Content starts

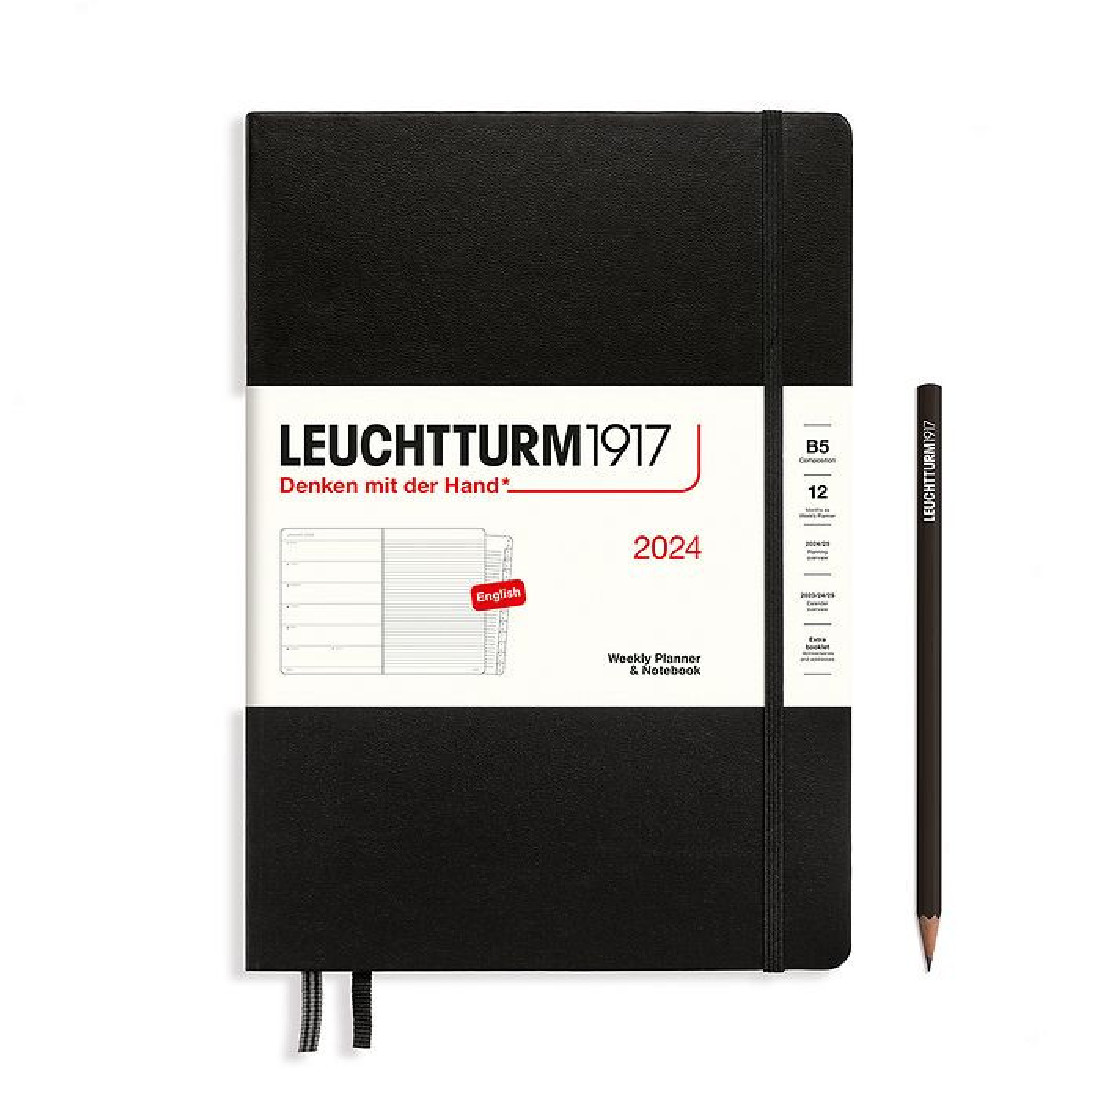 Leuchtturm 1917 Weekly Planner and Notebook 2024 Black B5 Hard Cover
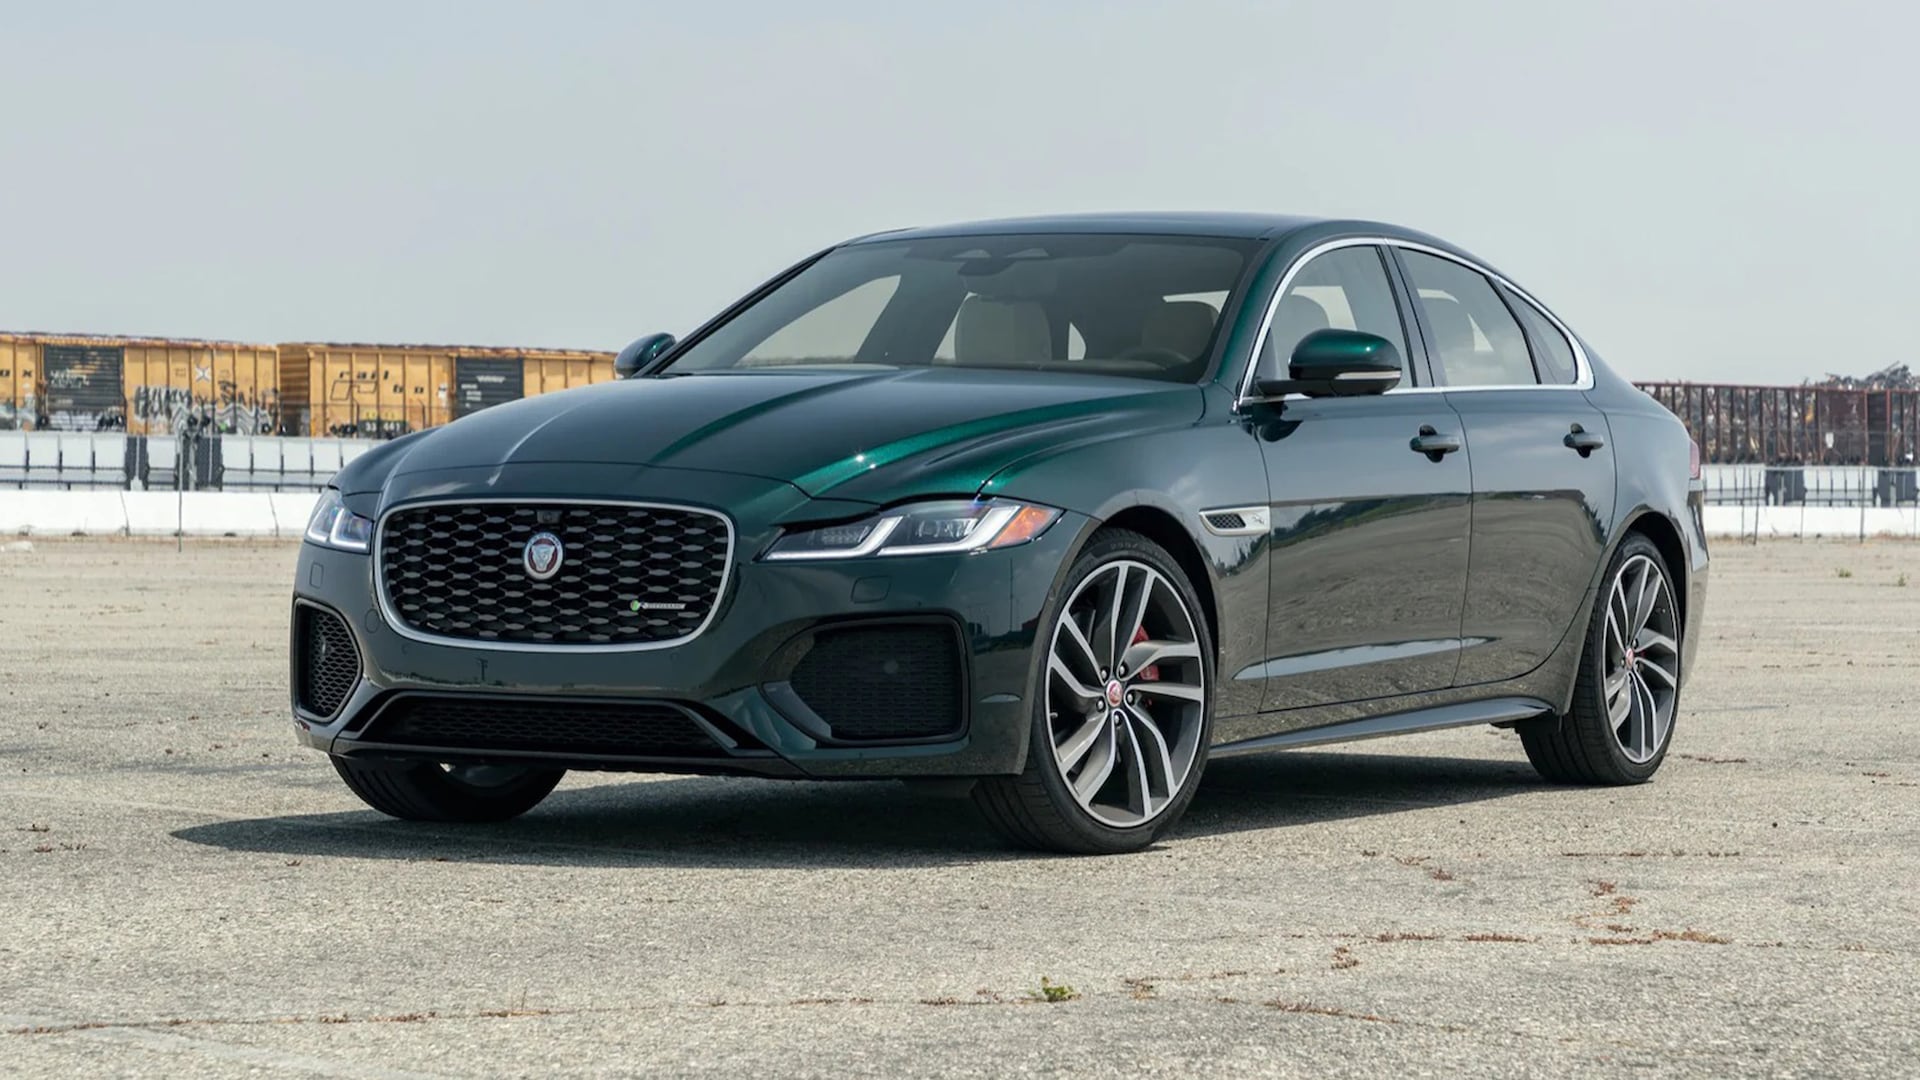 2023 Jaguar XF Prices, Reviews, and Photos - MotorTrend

Content ends
Content starts

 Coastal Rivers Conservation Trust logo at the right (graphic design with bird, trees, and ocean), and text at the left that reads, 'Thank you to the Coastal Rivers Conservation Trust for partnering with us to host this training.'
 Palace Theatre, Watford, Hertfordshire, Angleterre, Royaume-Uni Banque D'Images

Content ends

The output should be exactly the lines above from the line containing "Coastal Rivers Conservation Trust logo" to the line containing "Palace Theatre, Watford, Hertfordshire, Angleterre, Royaume-Uni", inclusive, with no other lines.

Solved exercise:
 Coastal Rivers Conservation Trust logo at the right (graphic design with bird, trees, and ocean), and text at the left that reads, 'Thank you to the Coastal Rivers Conservation Trust for partnering with us to host this training.'
 Palace Theatre, Watford, Hertfordshire, Angleterre, Royaume-Uni Banque D'Images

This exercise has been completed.